◆ Prompt
Please output every record below exactly as written, leaving out any pictures.

┄┄┄┄┄┄┄┄┄┄

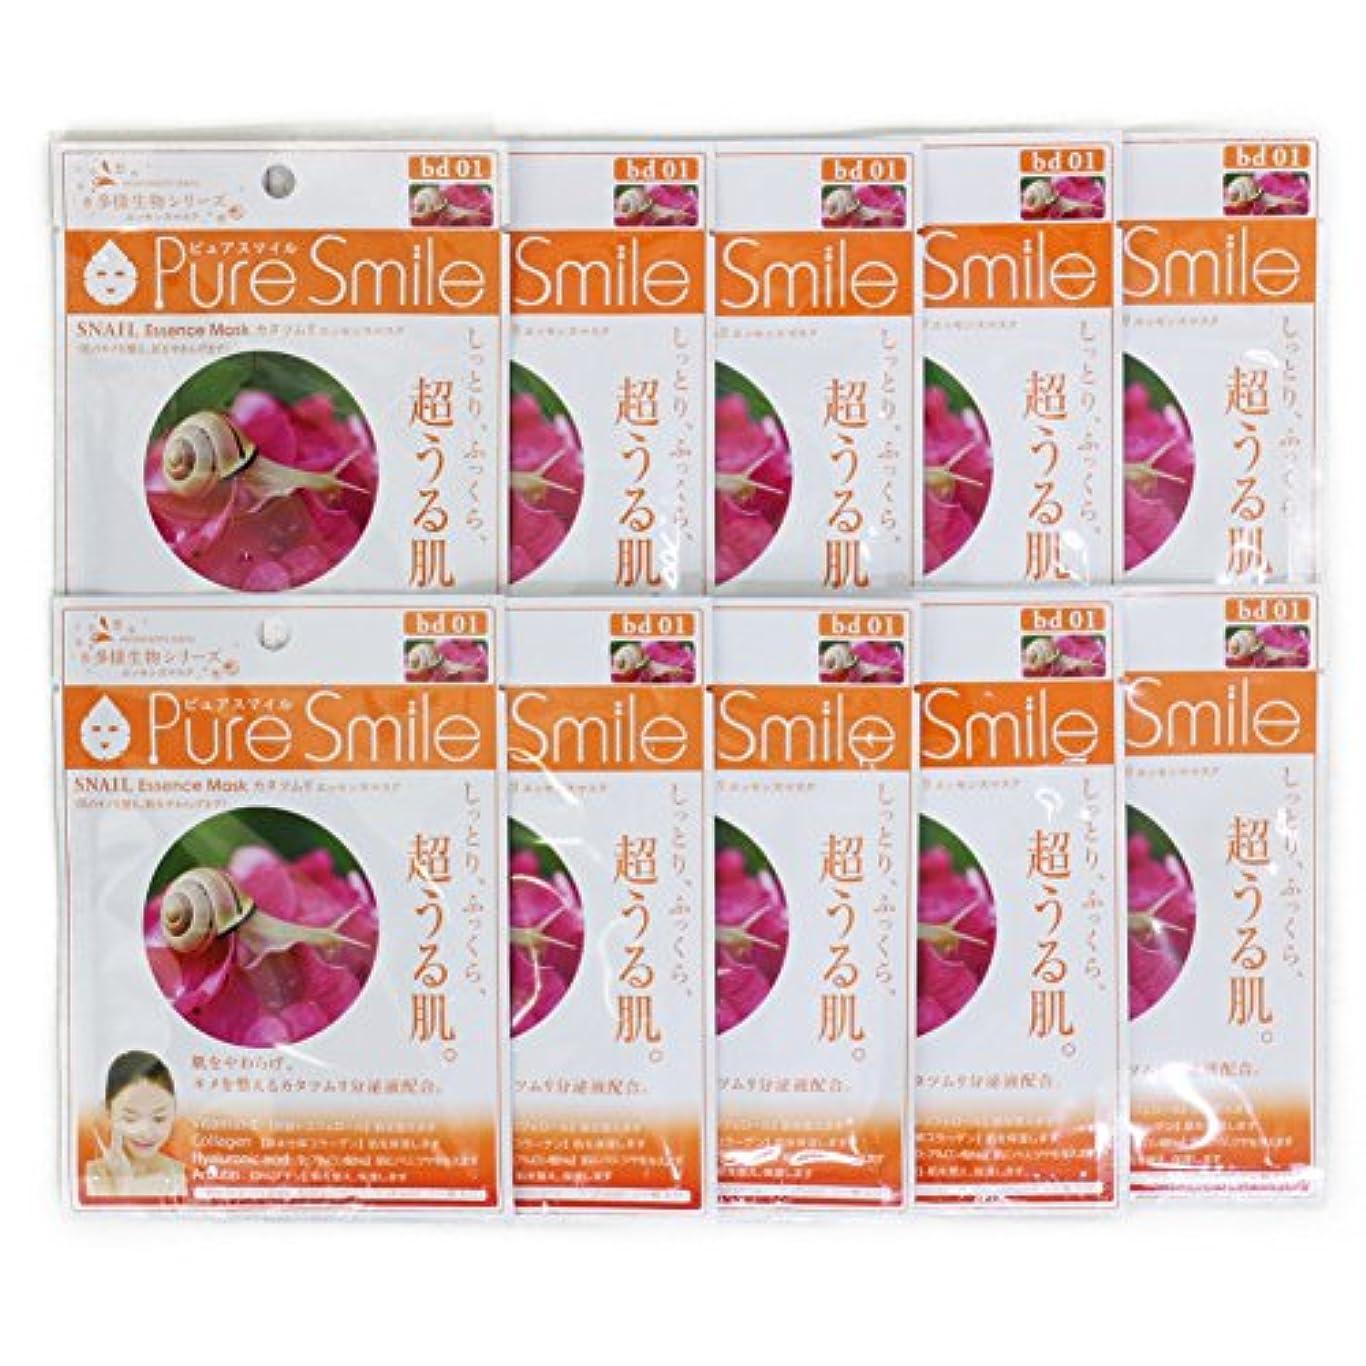 瀬戸際禁止する放映Pure Smile ピュアスマイル 多様生物エッセンスマスク カタツムリ 10枚セット
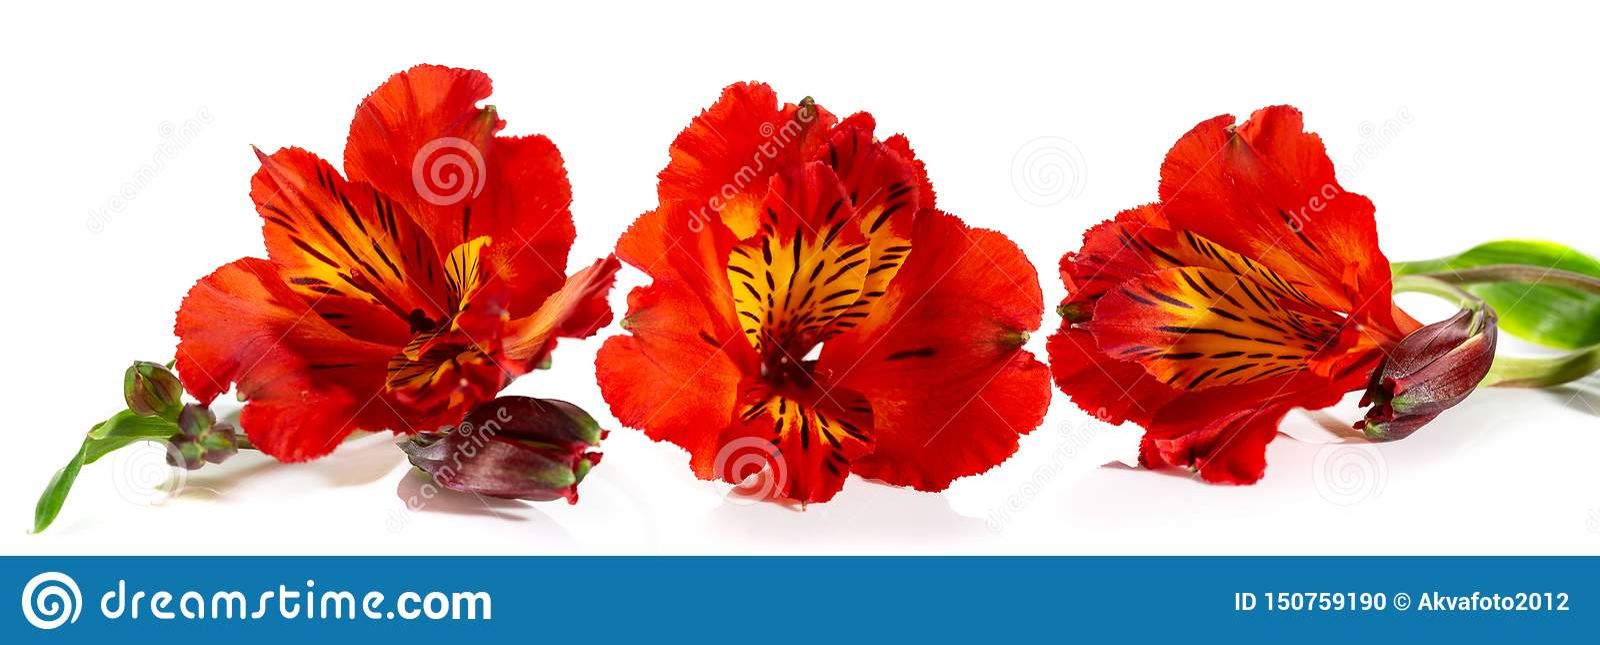 德国锥脚形酒杯美丽的红色花在白色背景的
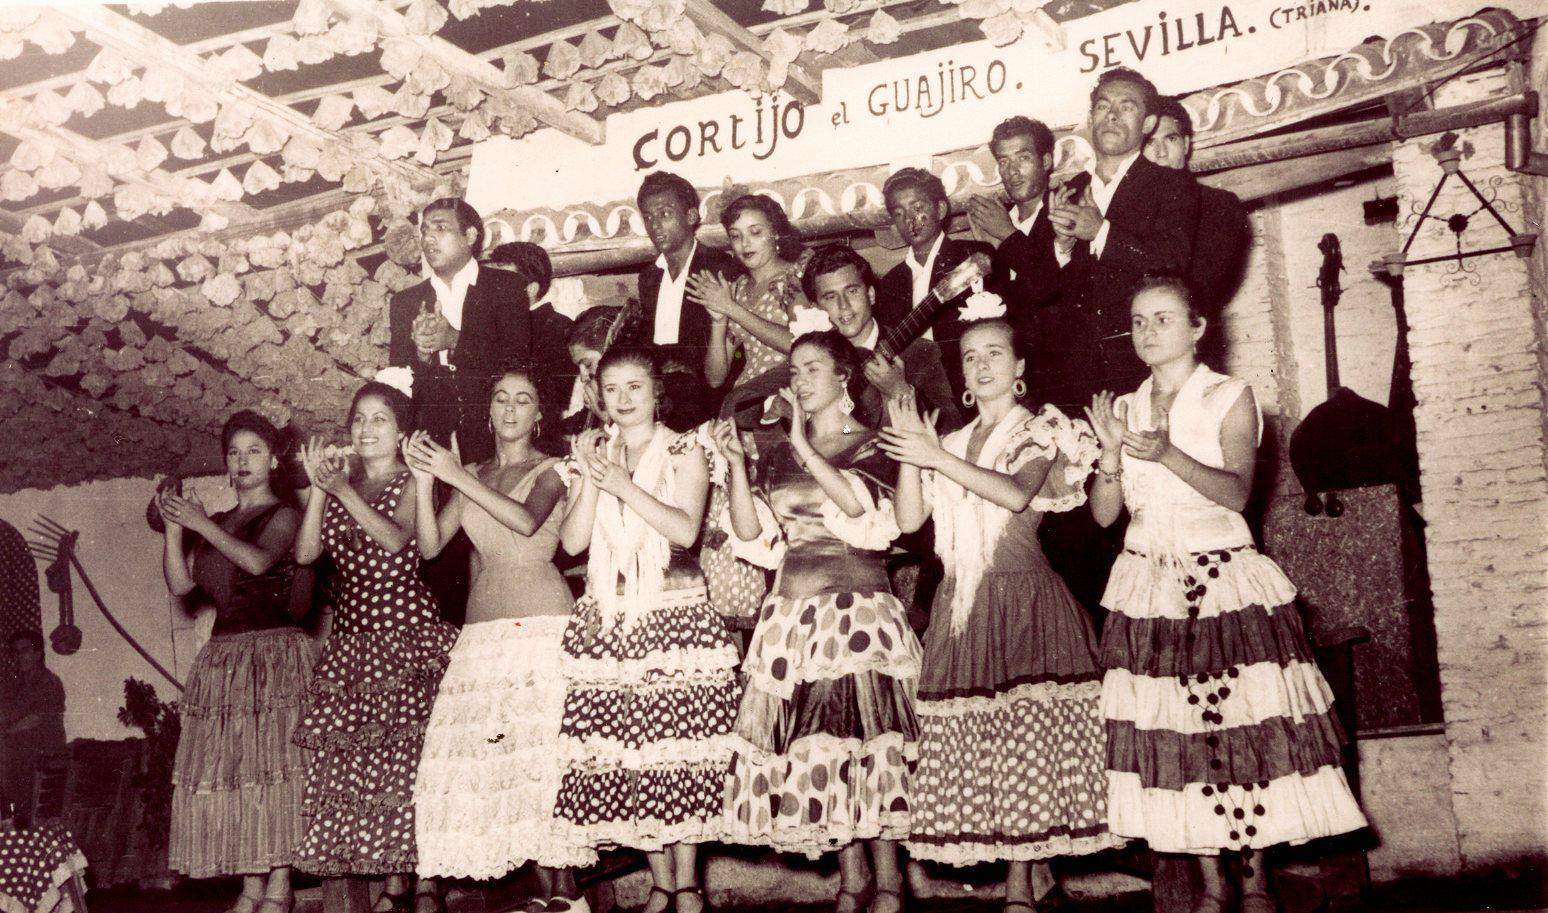 Fotos Antiguas Del Tablao Flamenco El Patio Sevillano La Sevilla
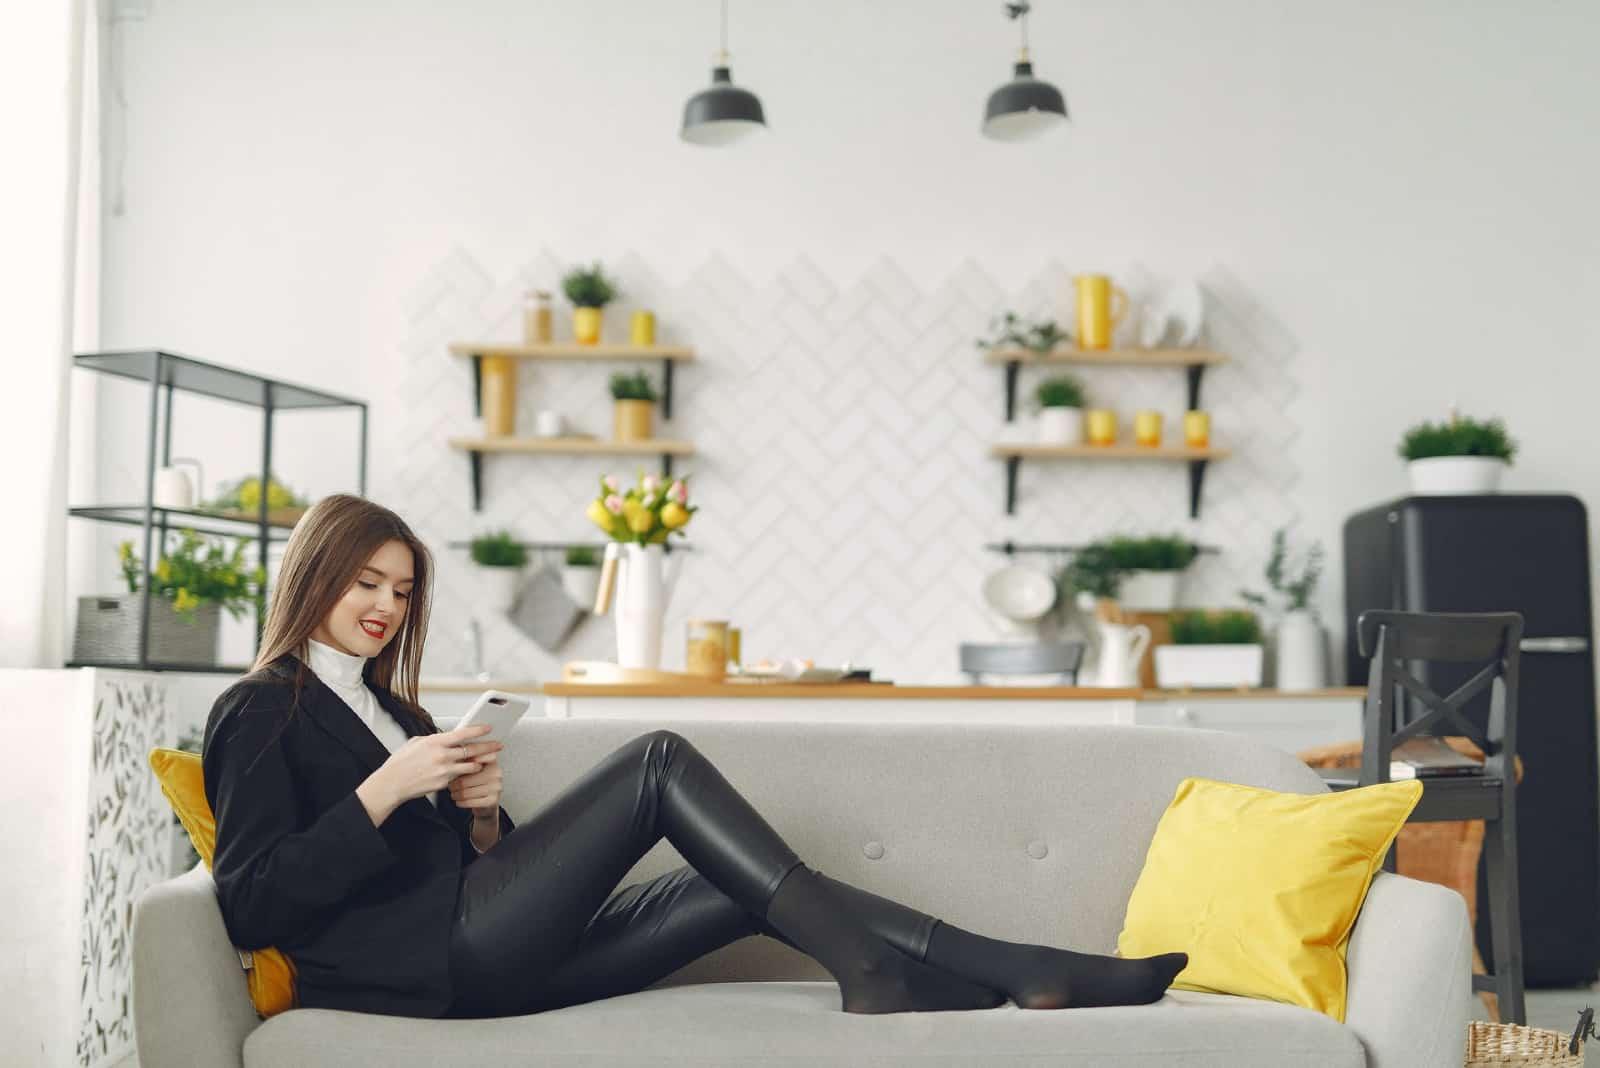 femme utilisant un smartphone en étant assise sur un canapé
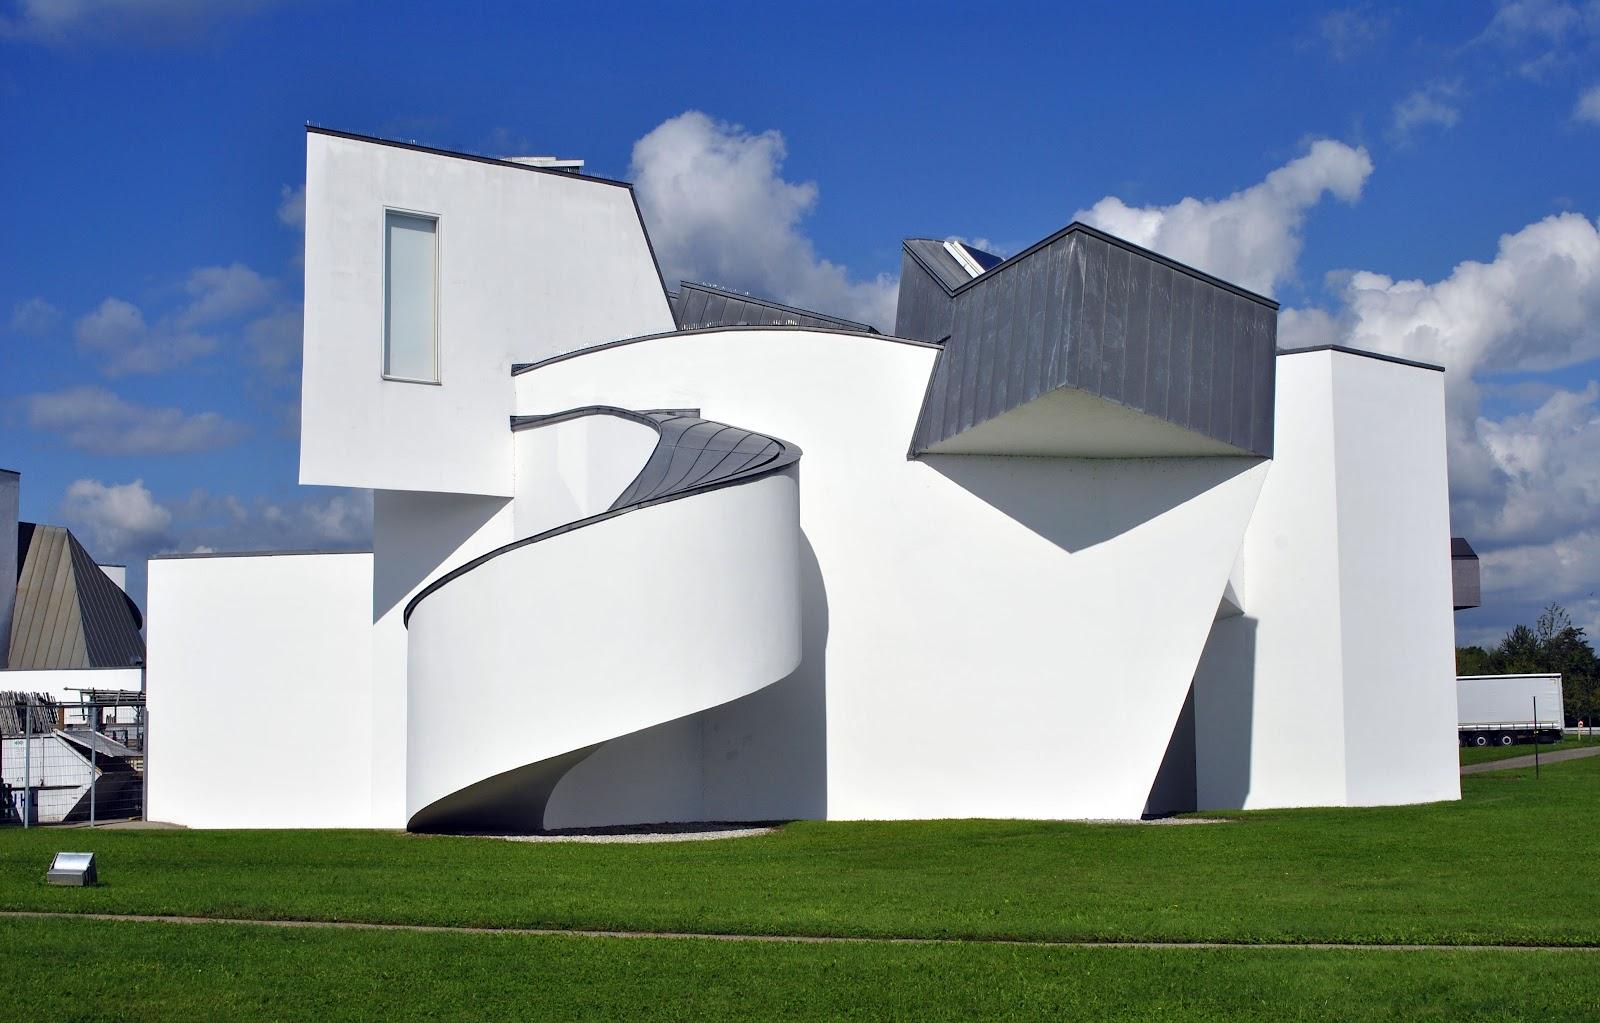 Swiss circle vitra campus leo thomas naegele for Vitra museum basel

┄┄┄┄┄┄┄┄┄┄

◆ Exercise solution
 瀬戸際禁止する放映Pure Smile ピュアスマイル 多様生物エッセンスマスク カタツムリ 10枚セット
 德国锥脚形酒杯美丽的红色花在白色背景的
 Fotos Antiguas Del Tablao Flamenco El Patio Sevillano La Sevilla
 femme utilisant un smartphone en étant assise sur un canapé
 Swiss circle vitra campus leo thomas naegele for Vitra museum basel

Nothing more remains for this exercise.